Task-evoked acetylcholine (ACh) efflux in the mPFC mediates TBI-induced deficits of 3-CSRT performance. (A) Schematic representations of the experimental paradigm. Changes in ACh efflux in the right mPFC of TBI and Sham rats prior to (samples collected at −30, −15, and 0 min), during (samples collected at 15 and 30 min), and post (sample collected at 45 min) performance of the 3-CSRT. Dialysate samples were collected on the first day of 3-CSRT testing (i.e., PID 21) at 15 min intervals. The task was initiated (at time 0 min) after a 45-min baseline collection period.
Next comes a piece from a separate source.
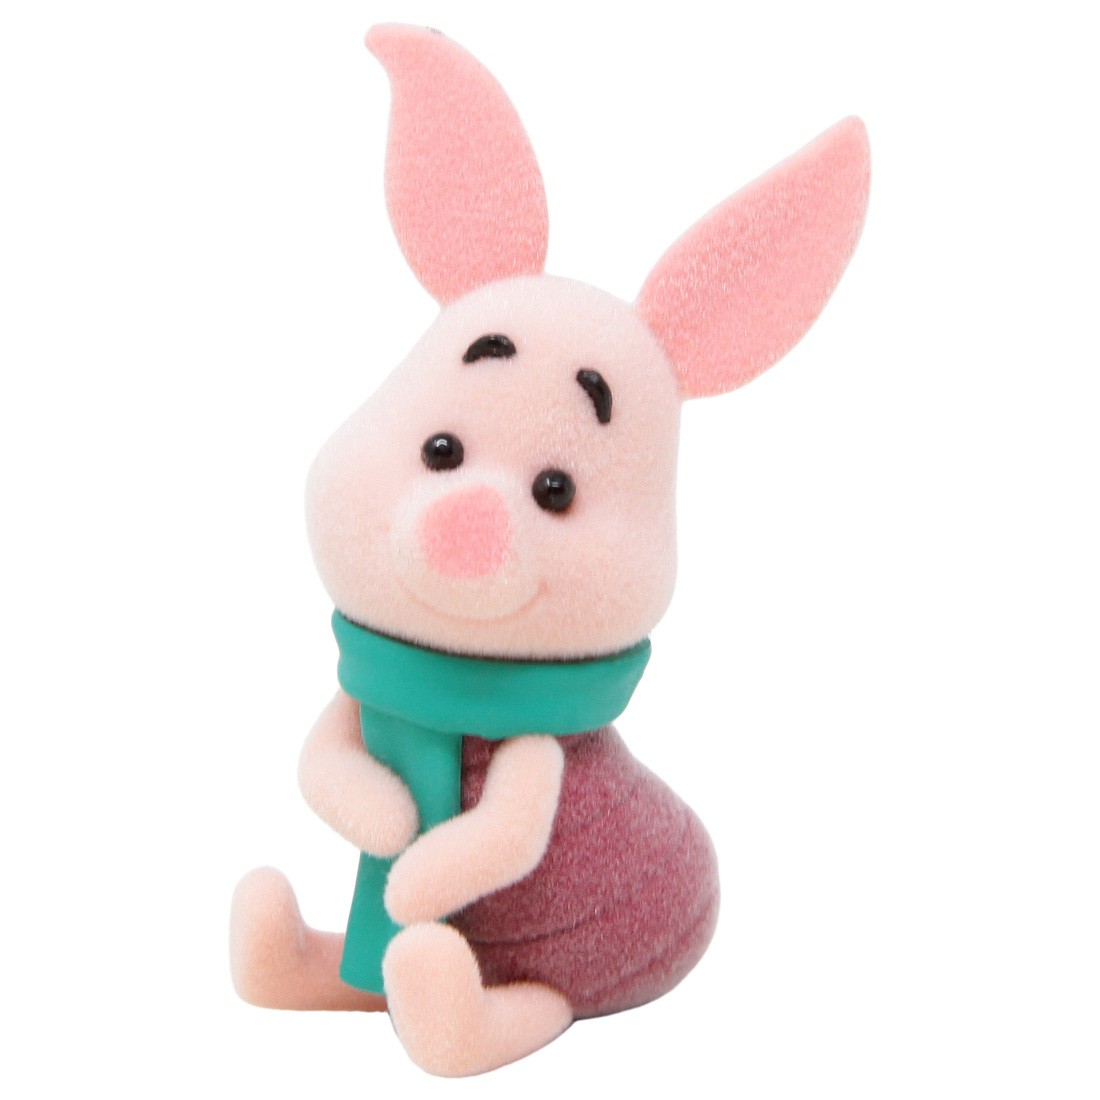 Banpresto Fluffy Puffy Petit Disney Characters Winnie-The-Pooh Vol.2 - Piglet Figure (pink)

Samples collected at 15 and 30 min occurred during performance of the 3-CSRT. Following the completion of the 3-CSRT, rats remained undisturbed in the 3-CSRT arena, and the final sample was collected at 45-min post-3-CSRT onset. (B) Representative chromatograms showing a higher ACh retention time peak (12.7 min) in Sham (grey) compared to TBI (teal) 30 min into 3-CSRT performance. (C) Sham rats exhibited significantly higher attentional task-evoked ACh release compared to their baseline and the TBI group (p < 0.05). (D) Mediation analyses of ACh efflux on the relationship between TBI and % accuracy during 0-15 min (denoted as ●) and second 15-30 min (denoted as ▲) interval of 3-CSRT performance. *p < 0.05 versus Sham (n = 9) and TBI (n = 10). Average causal mediation effect (ACME), average direct effect (ADE), total effect, and proportion mediated (Prop. Mediated) are presented with 95% confidence intervals. 3-CSRT, three-choice serial reaction time; mPFC, medial prefrontal cortex; TBI, traumatic brain injury.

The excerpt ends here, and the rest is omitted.